A Story — Wednesday Night

Let me end with a story about a young man I met on Wednesday night.
(This story is related on the video of the sermon).

Finding God

In the end, what the young man needed was God. But how does a person find God in this world? Through God’s word and through God’s people. Every day, we are called to live into our twin vocations of loving God and loving people. And this is not always easy; in fact, it is often very hard, for a variety of reasons.  But let us never think that love of God and love of neighbor are somehow in competition with one another.
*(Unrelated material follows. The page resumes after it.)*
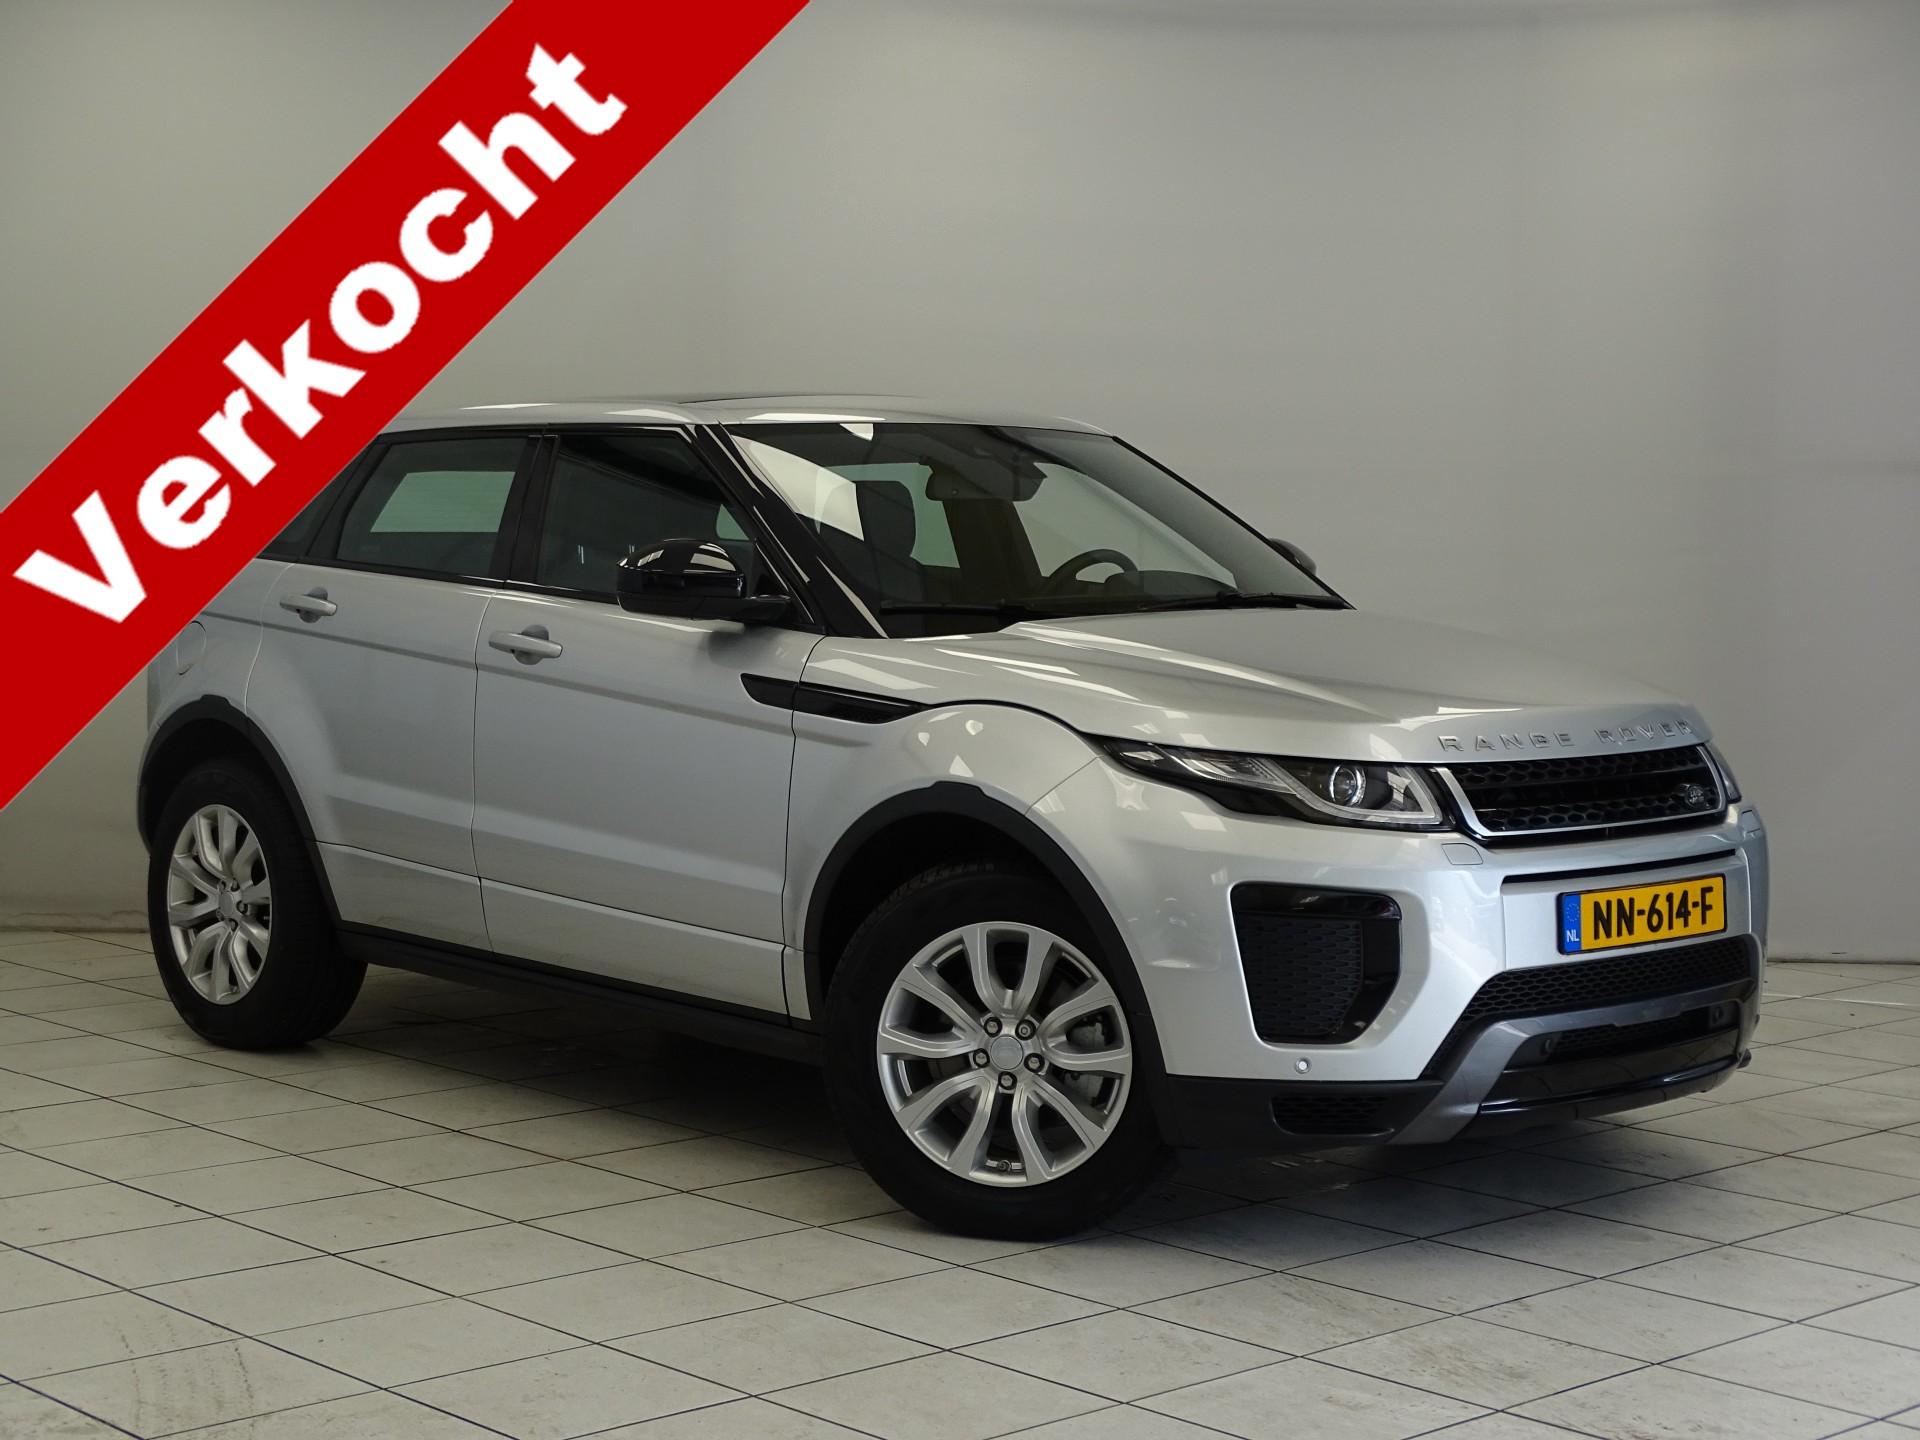 Land Rover Range Rover Evoque | Onlineautoleasen.nl

When there is any doubt, let us love our neighbors because in doing so we will find ourselves fulfilling the call to love God with all of our heart, soul, strength, and mind.

Amen.






[1] So important was this call to love God fully with singular devotion that Moses continued: “Keep these words that I am commanding you today in your heart. Recite them to your children and talk about them when you are at home and when you are away, when you lie down and when you rise. Bind them as a sign on your hand, fix them as an emblem on your forehead, and write them on the doorposts of your house and on your gates” (DEUT 6:6–9).